A verbatim transcript of the data below is required, images omitted.

* _Data extract_:
-- Opening Marker --
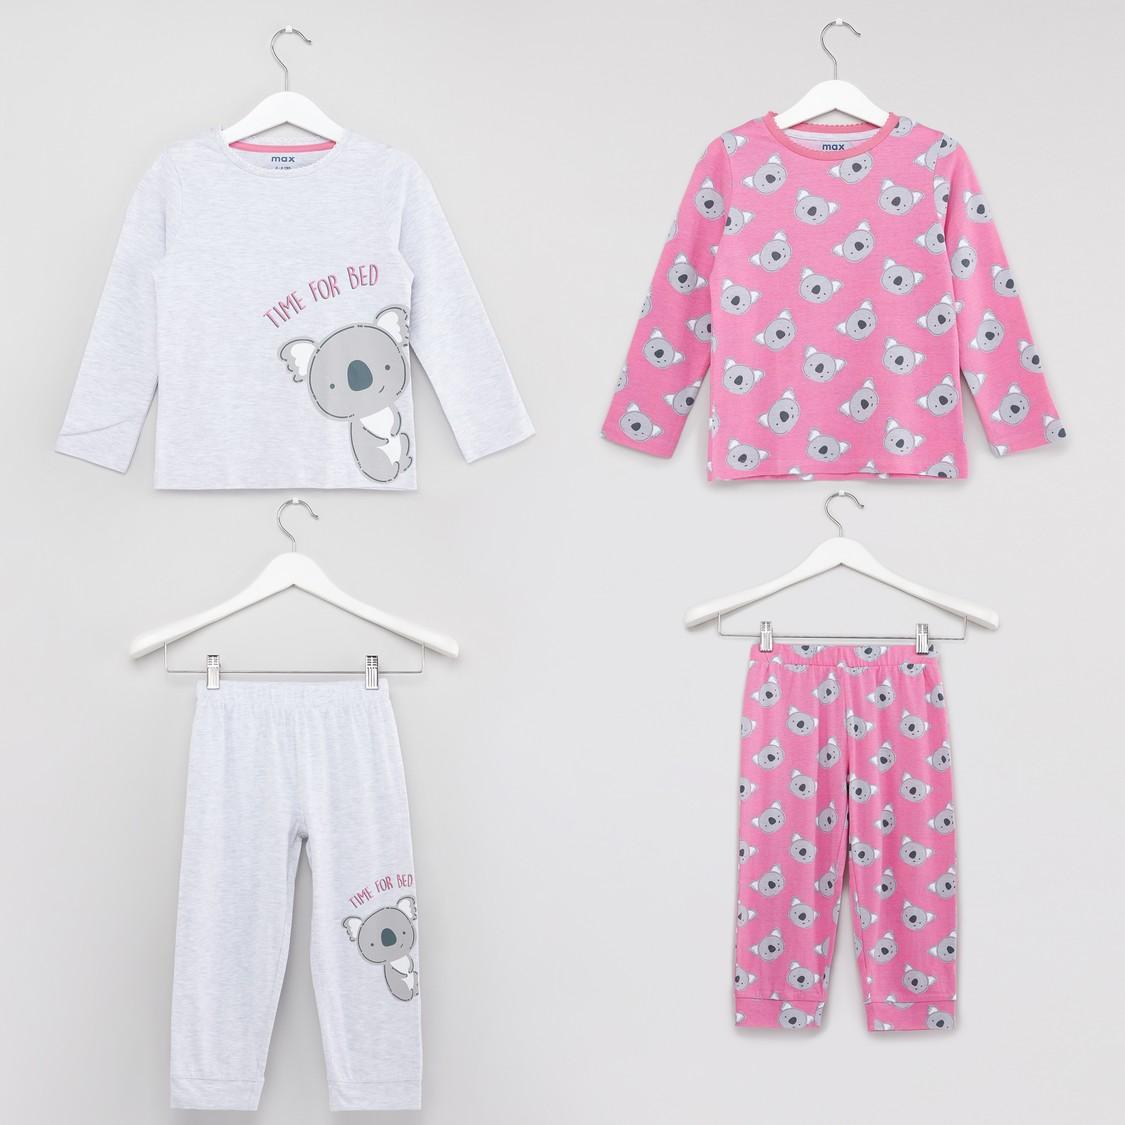 Set of 2 - Printed Round Neck T-shirt and Full Length Jog Pants
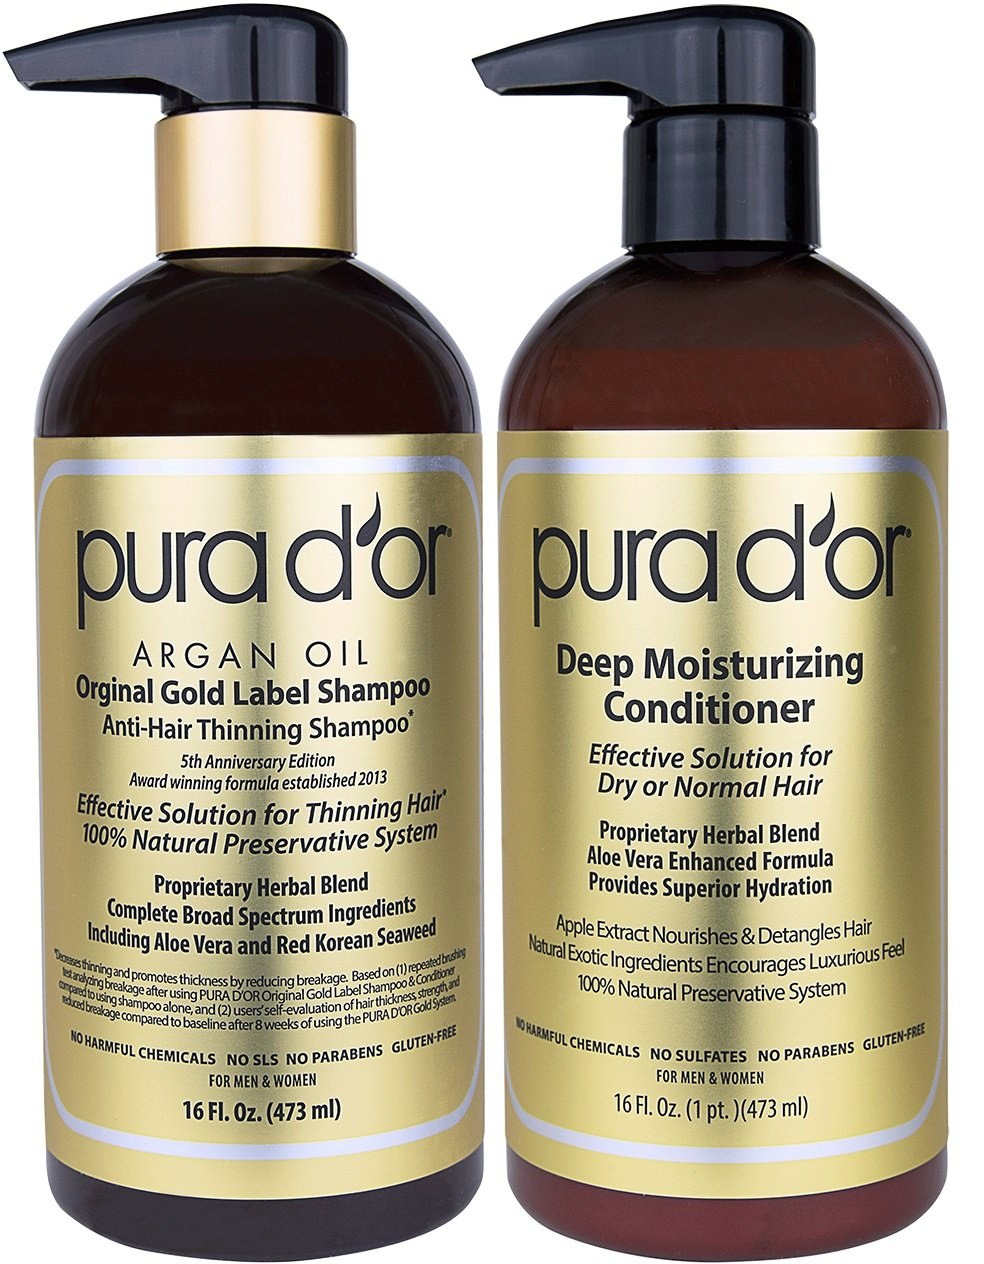 PURA D'OR Deep Moisturizing Premium Organic Argan Oil & Aloe Vera Conditioner, 16 Fluid Ounce 00609
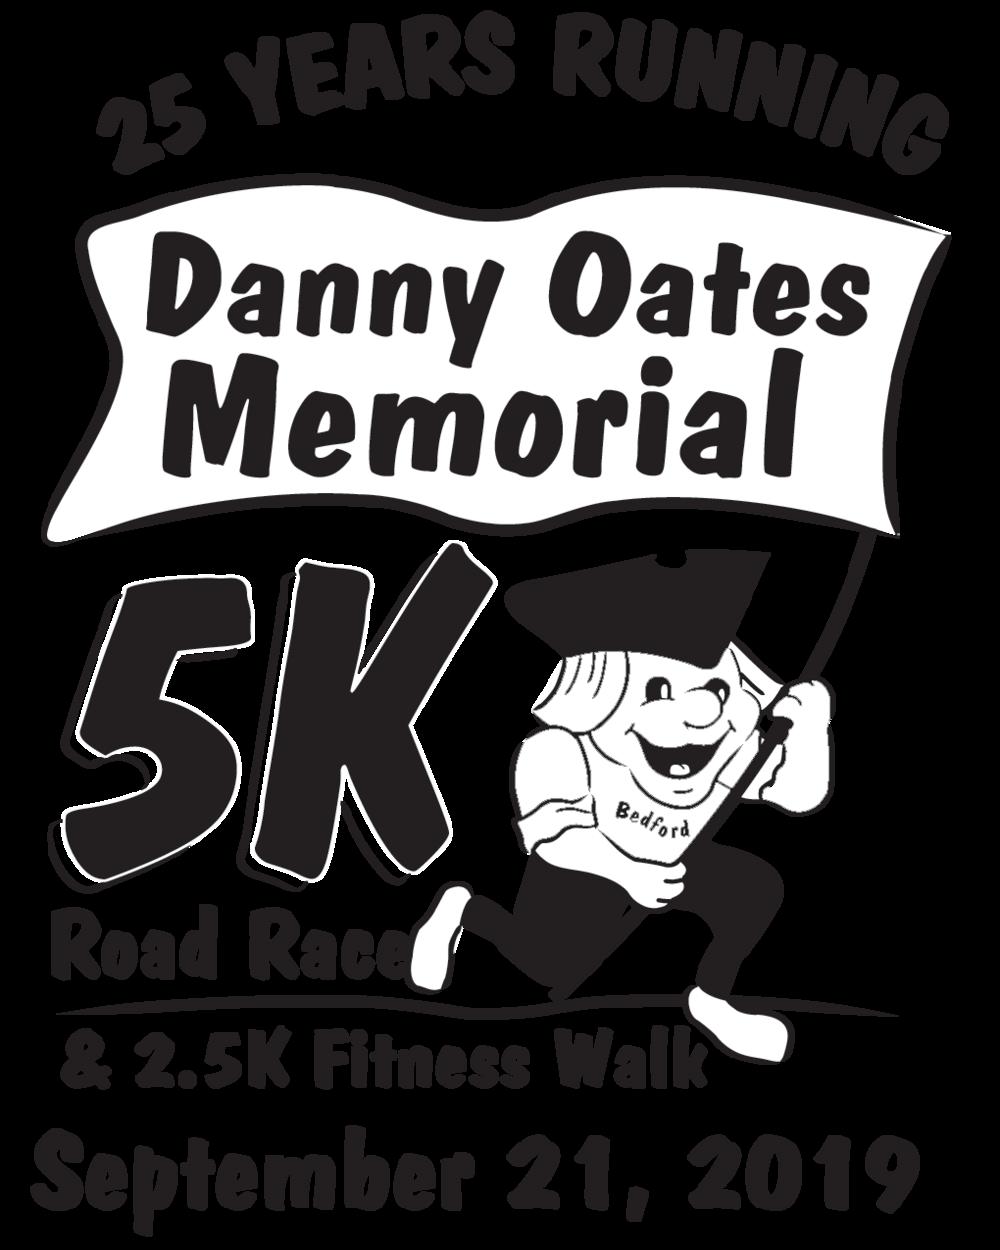 danny oates 2019 logo
-- Closing Marker --
* _Result_:
 Set of 2 - Printed Round Neck T-shirt and Full Length Jog Pants
 PURA D'OR Deep Moisturizing Premium Organic Argan Oil & Aloe Vera Conditioner, 16 Fluid Ounce 00609
 danny oates 2019 logo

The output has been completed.